Нариэль, Иэллэ... Ну, это уже из позднейших... Исилме, опять же... 
- Намо запинался, произнося эти непривычно звучащие для него 
имена, а Элхэ, почкему-то поуспокоившаяся, согласно кивала 
головой. - Эти - только из Книги. Отличились, как мы с Элхэ 
полагаем, чем-то, что попали в Книгу. А остальных... 
	- И вот Элхэ пришла в Благословенную Землю, - начала Ниенна, 
- чтобы, во-первых, сказать, что она ни в коем случае не 
ответственна за деятельность этих девушек, - торжественная речь, 
подобающая Валар в официальной беседе, как-то сошла на нет, и уже 
никто не старался загнуть фраз покрасивее. - А во-вторых, она... 
	- Я сама это скажу! - раздался пронзительно-высокий голос. - 
Ниенна, благодарю тебя. Я, ученица того, чье имя вспомнить не 
смеют, да, это мое выражение у меня тоже украли, девицу одну 
сжигали, она кричала, я прошу Валар что-нибудь с этим поделать. 

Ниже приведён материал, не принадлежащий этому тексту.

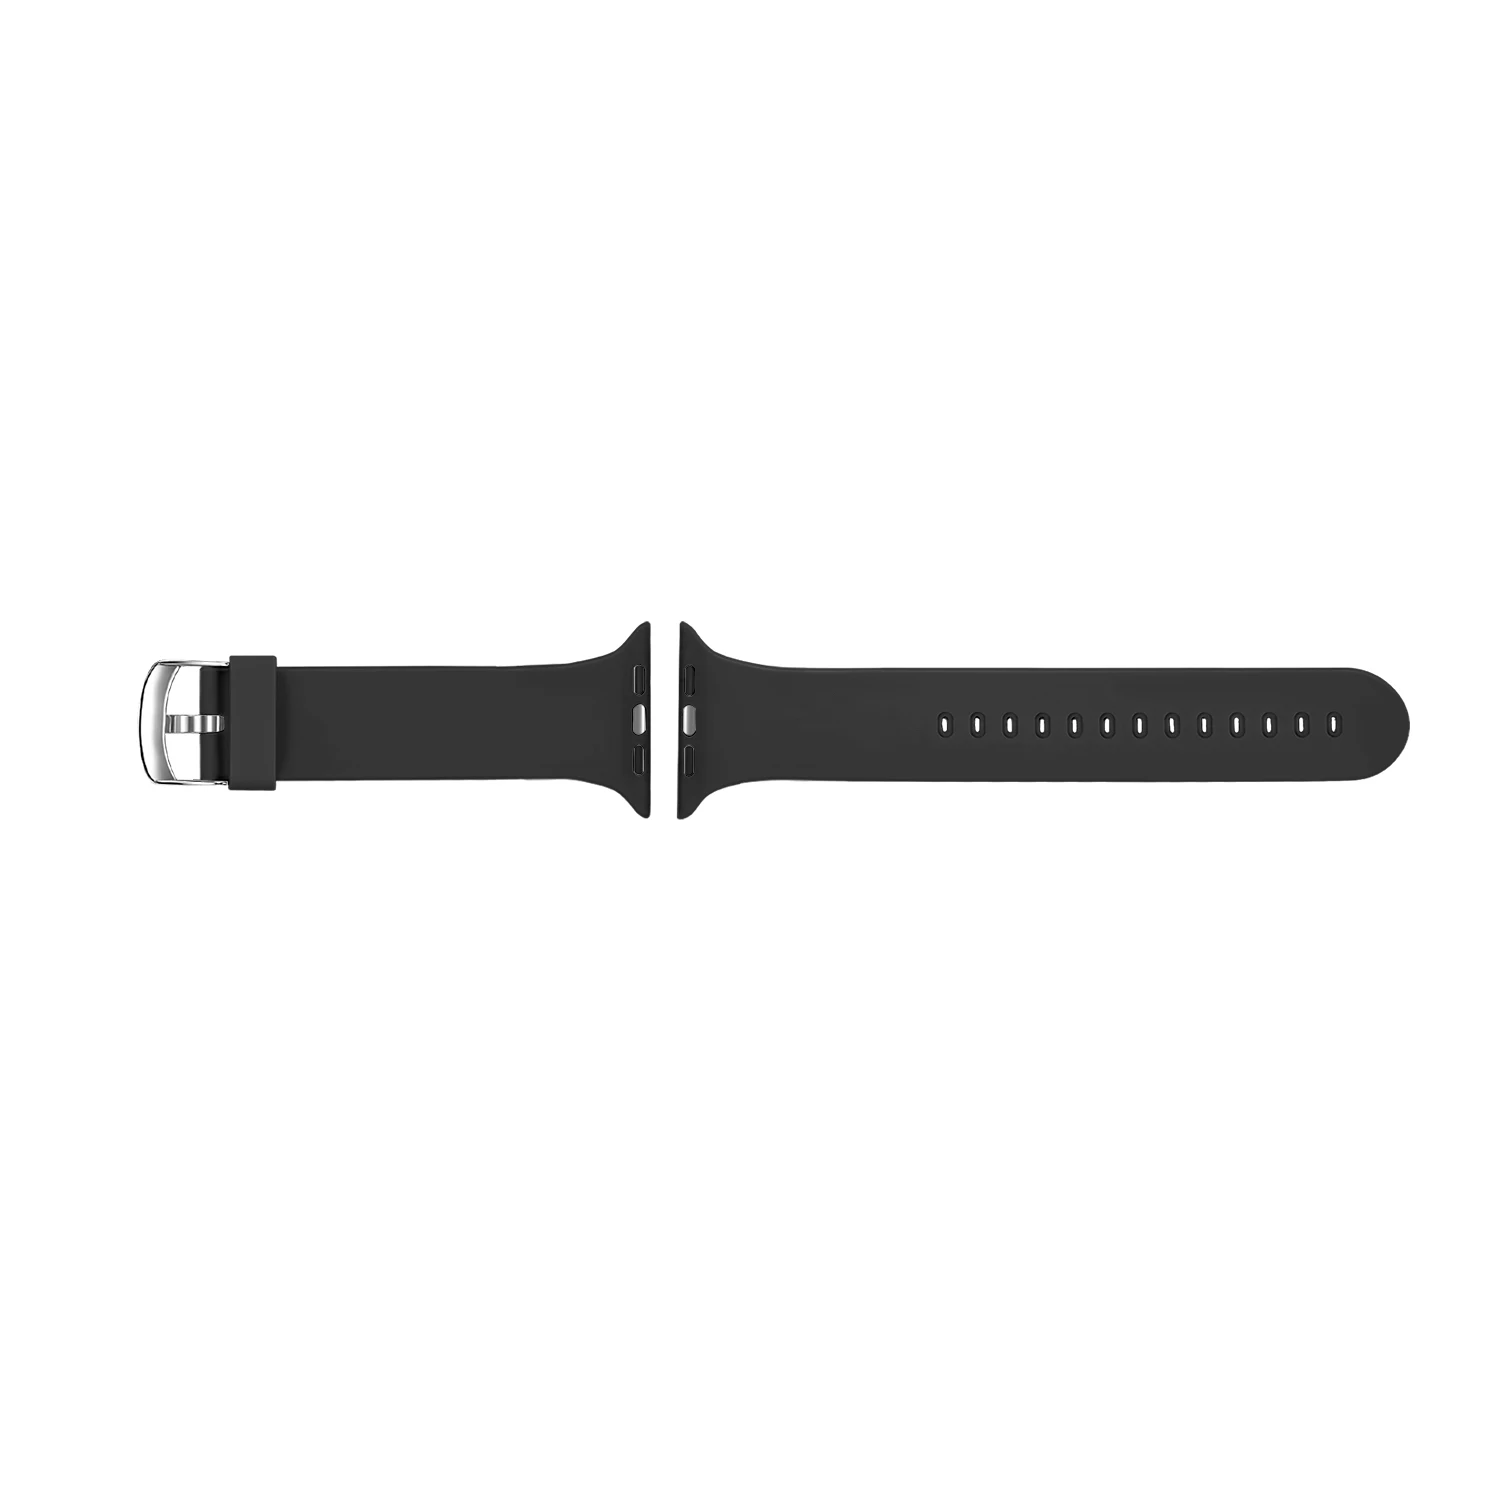 Мягкий силиконовый ремешок для Apple Watch Series 4, 3, 2, 1, 44 мм, 40 мм, 42 мм, 38 мм, детский сменный ремешок, браслет для iWatch 4, 3, 2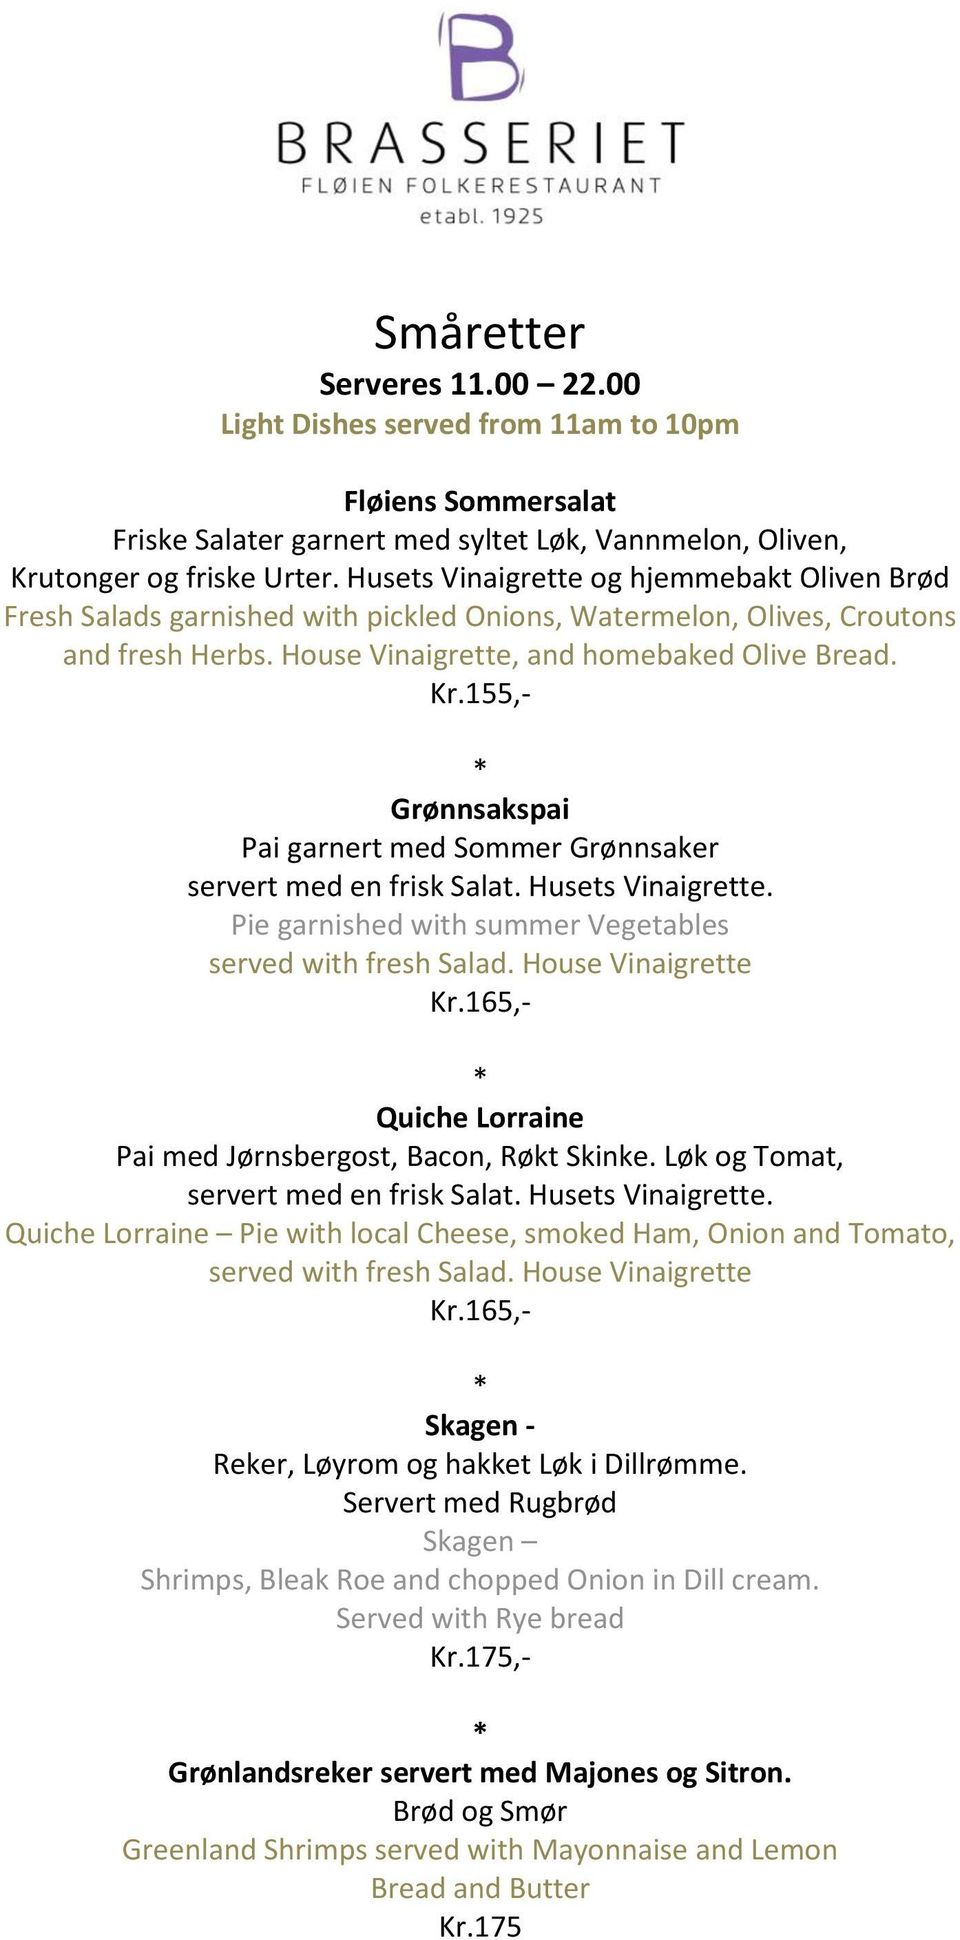 155,- Grønnsakspai Pai garnert med Sommer Grønnsaker servert med en frisk Salat. Husets Vinaigrette. Pie garnished with summer Vegetables served with fresh Salad. House Vinaigrette Kr.

Был бы Мелькор здесь - не простил бы меня. Не любил он вас. Но его 
нет, и вы, вы в ответе за это! Так сделайте же хоть что-нибудь во 
искупление! 
	Она не очень понимала, что говорит. Но Манве, понимая, что 
просьбу в присутствии Ниенны не исполнить невозможно, сказал: 
	- Эленхел, я вижу, сколь горька участь твоя. - Он решил, что 
все-таки хорошо бы вернуться к привычной медлительно-торжественной 
манере. - И ныне говорю я - будь по-твоему. Если ты согласишься 
уйти из мира за Стену Ночи, туда, где пребывает в изгнании твой 
возлюбленный, называющие себя твоим именем исчезнут. Ты согласна? 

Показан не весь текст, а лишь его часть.